Her point, while short, is valid. I had always told myself that if it came to this, I would accept this option quite clearly. I could not allow Gabriel to live. "You're right." I sigh. 

He should not know me; we don't need to bond or mend this broken relationship; there was no one to form or recreate. He had no idea who I was. Lifting my hand, he doesn't look afraid.

"Are you not even going to introduce yourself?"

"Would it matter?" I murmur.

Through the beard, my eyes gaze back at me. While he looks much older than I am, he doesn't look unlike me. His clothes remind me of my outfit, seeking out items that evoke the memory of home. Even his hair, out of place from distress, was once neatly combed as mine was.

Gabriel flinches, resettling on his elbow. "It might. In the next life."

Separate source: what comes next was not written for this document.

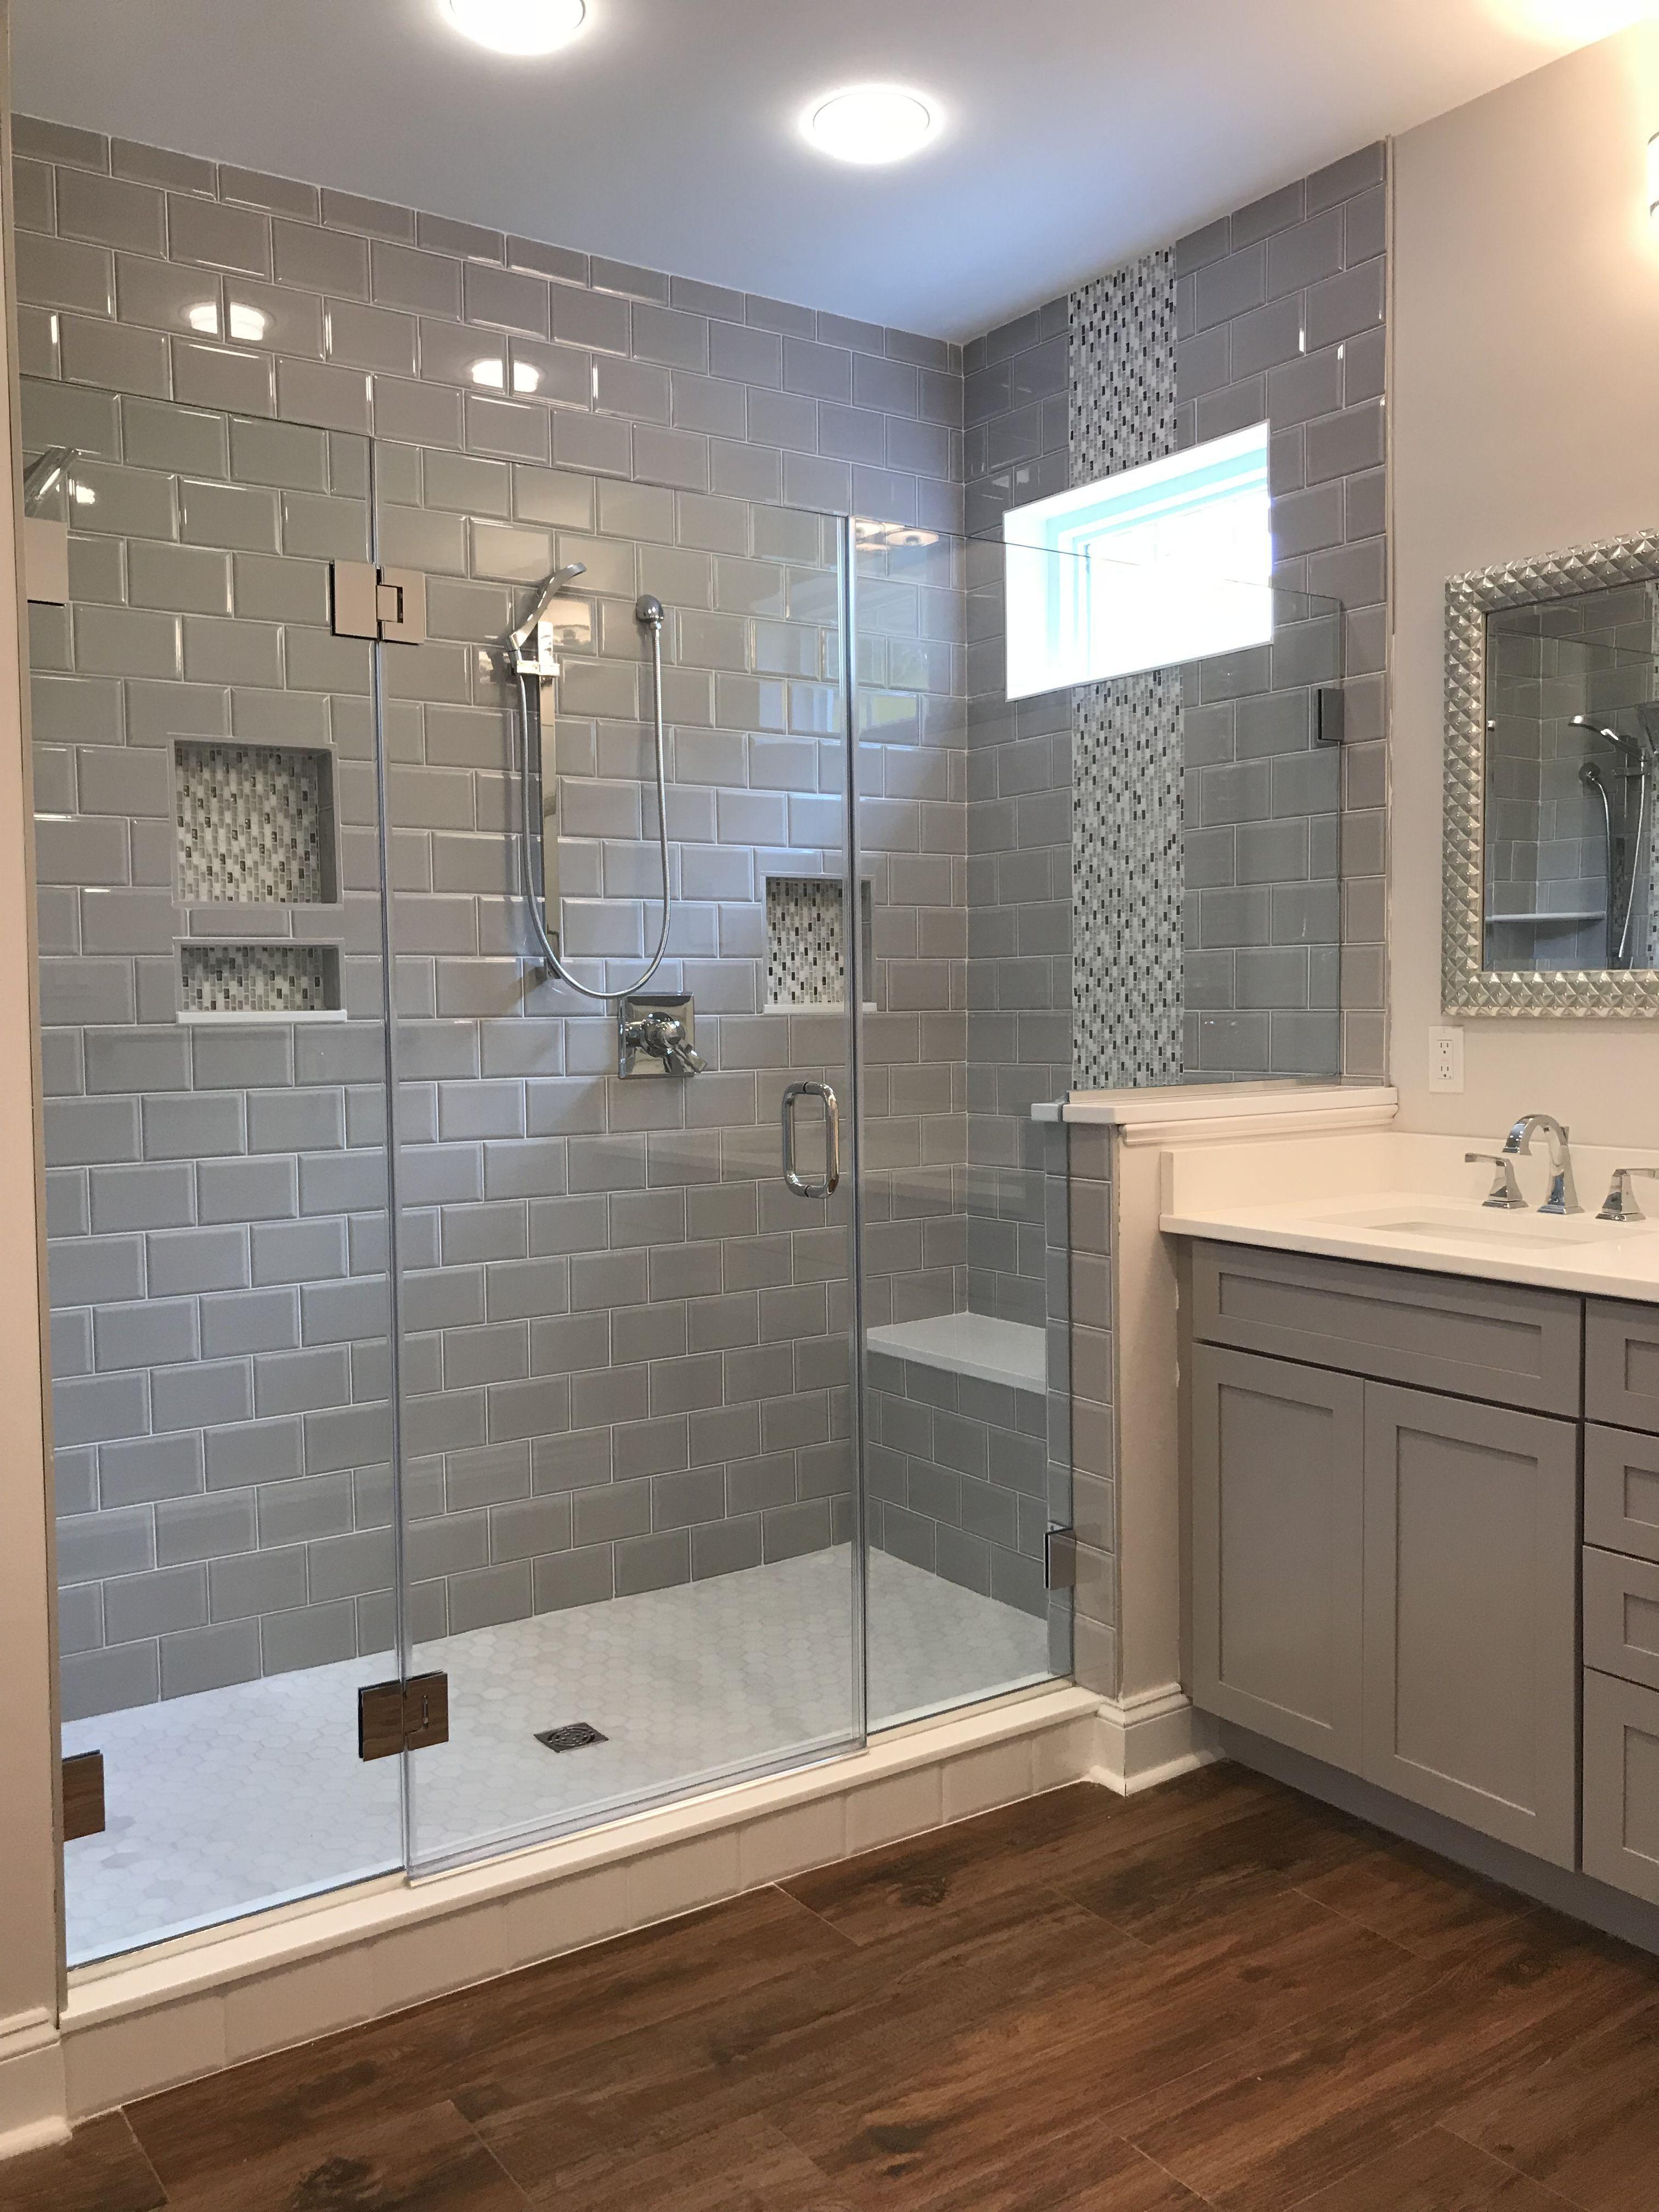 Mramornym Kafelem V Svetlyh Tonah Bathroom With Marble Tiles In Bright Colors Bathro Farmhouse Master Bathroom Small Bathroom Remodel Master Bathroom Shower
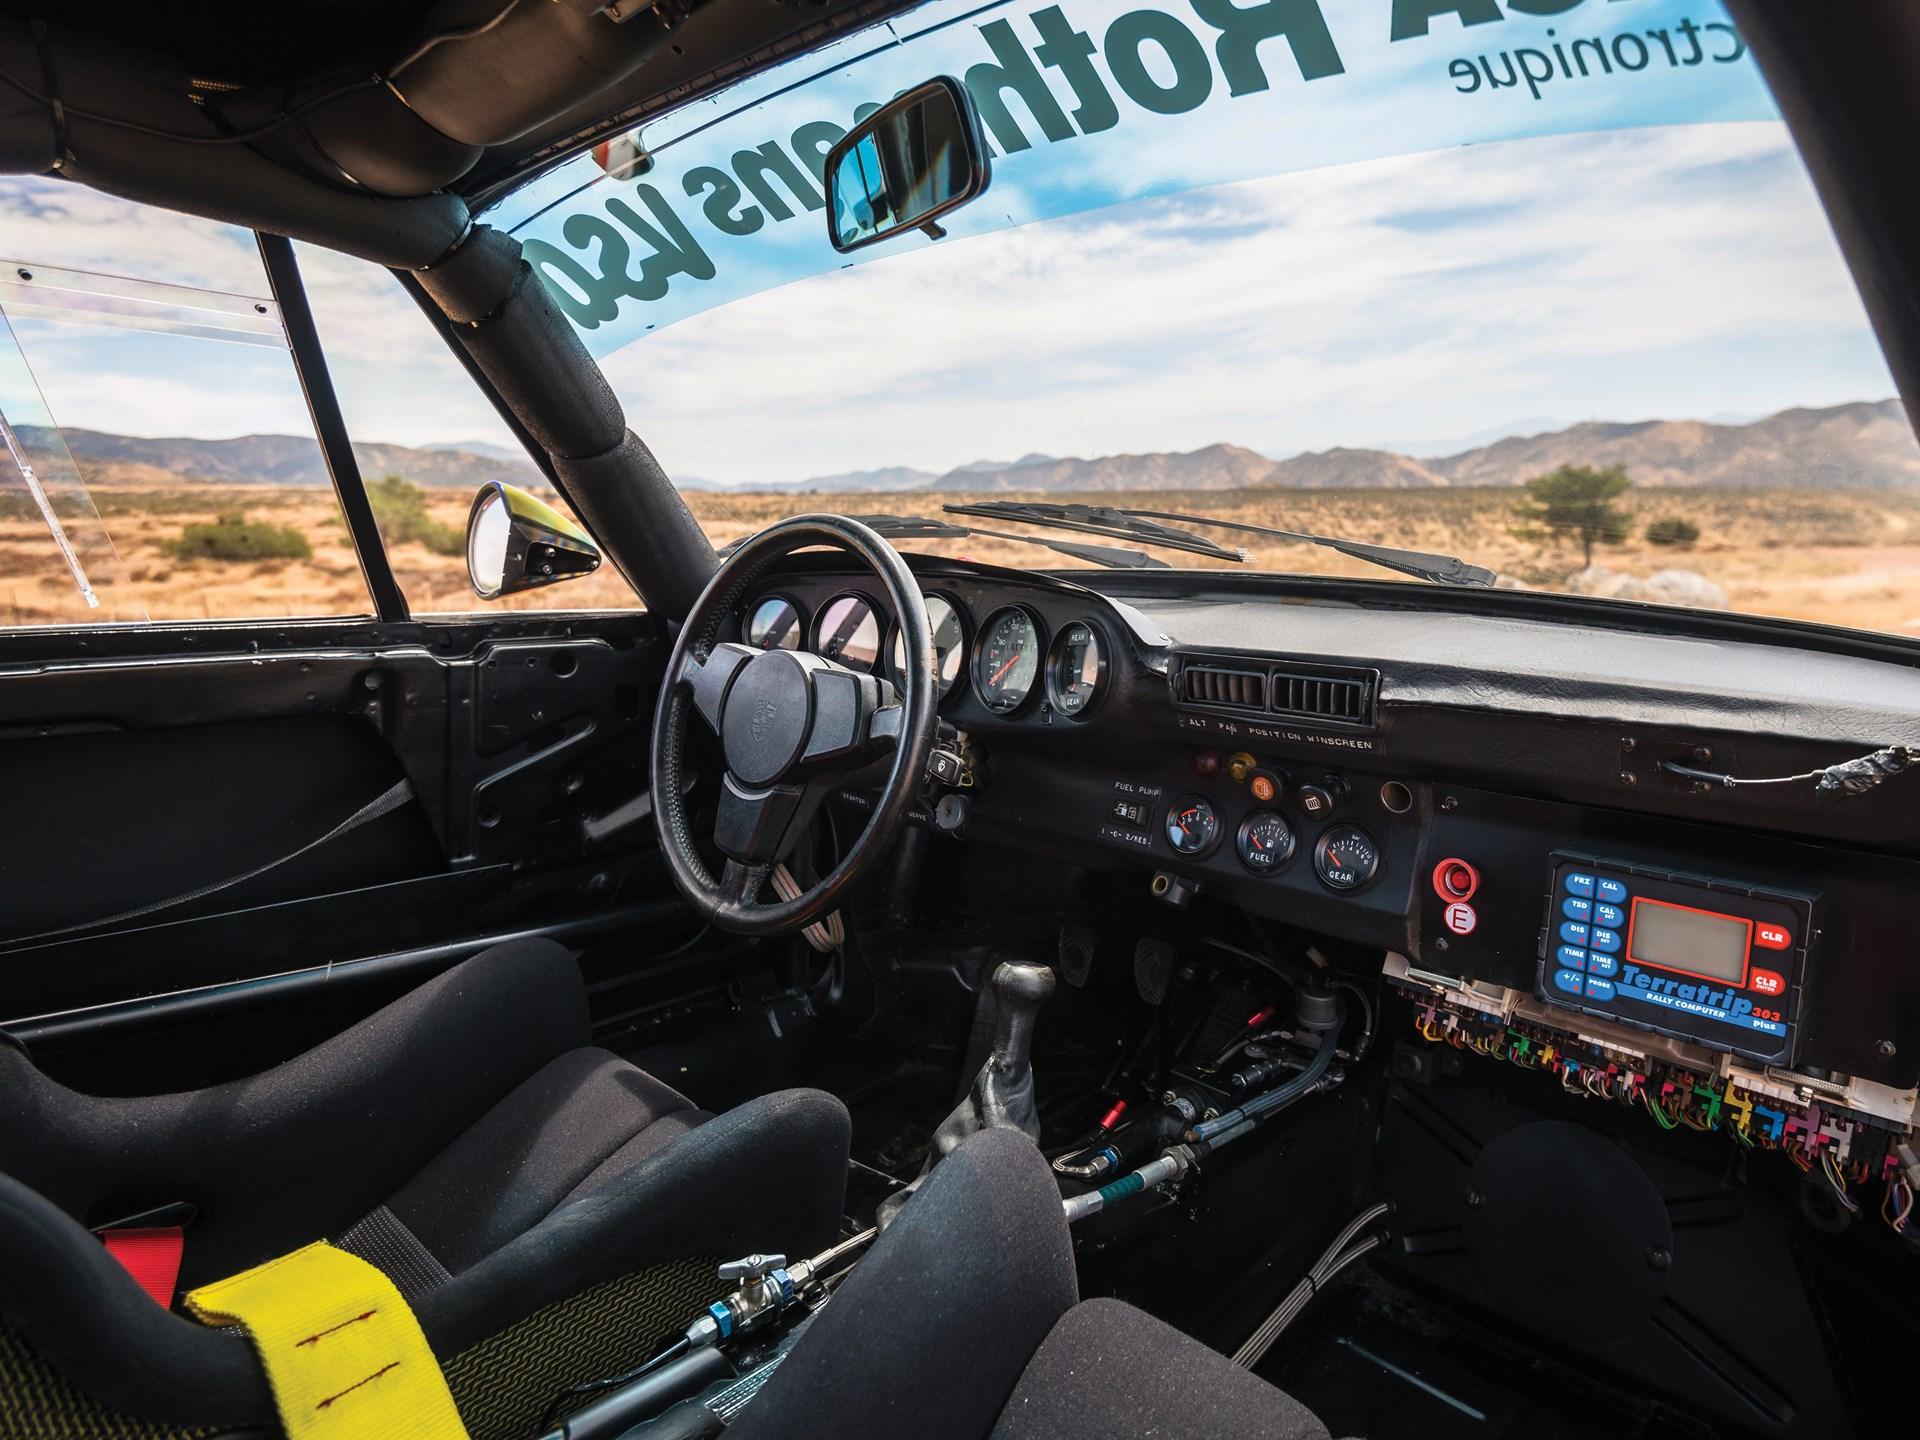 1985 Porsche 959 Paris-Dakar interior

"You're too talented to believe there's life after this." I snap, bitter. I wasn't so sure I wanted to consider there could be another life that suited me more than the one I currently had. I had everything I ever wanted, and he was trying to destroy, trying to dismantle it before it could even begin. "This is the only life there is, and you're wasting it killing your kind."

With a frown, he considers this, carefully touching the bloodied shoulder where the spike rests. "None of us are too talented, too smart.. too anything.. to dream. When I was a boy, the dream of the next life was the only thing I had to cling to. Getting there, to the next chapter, is my only destination these days. Once I cleanse this planet."

"You're disgusting." I charge my palm. "You are not the only one who has suffered. You might have been dealt a bad hand, but taking it out on those around you is cowardly. This planet did nothing to deserve your wrath."

"I'm sorry you feel that way," His tone hits me, and I realize that I've been tricked.

With a shove, he sends the spike flying in our direction, and I must jut my hand up to deflect it. I curse loudly, gritting my teeth in frustration. He'd done to me what I'd done to him earlier, take advantage of the raw emotions. He talked his way out of my grasp and used my tactics; he was smart and was able to adapt on the fly to my techniques.

"There!" Helen gestures, trotting after him as he forms an ice barrier to protect himself from us and the remains of the pond.

Squinted through a busted eye, he glances over his shoulder at us as he stands before the water. "No. But my father wished to see the magic users liberated. He wished to see us stand before the armies of man in triumph, he wished for a world where magical creatures could walk free. That is what I offer. Freedom. Liberation. You will not stand in my way of what I've been destined to accomplish. Goodbye. Nicolas." 

He jumps into the water, and I burst through the ice barrier as we reach the pond's edge. My spell breaks and the ceiling begins crashing down around us once more.

"We have to go after him."

Helen shakes her head, vehemently. "No! We don't know where he's going; he could be headed straight to Caspian!"

"Helen, we have no other choice! We can't stay here!" I command her to shift back into her human form and slip off my jacket to cover her, flinching at the sting of my chest wound. My body feels as if it's been steamrolled. "It's now or never."

Shutting her eyes tightly, she slips into my jacket and wraps her arms tightly around my body.

Taking a deep breath, we leap in after him.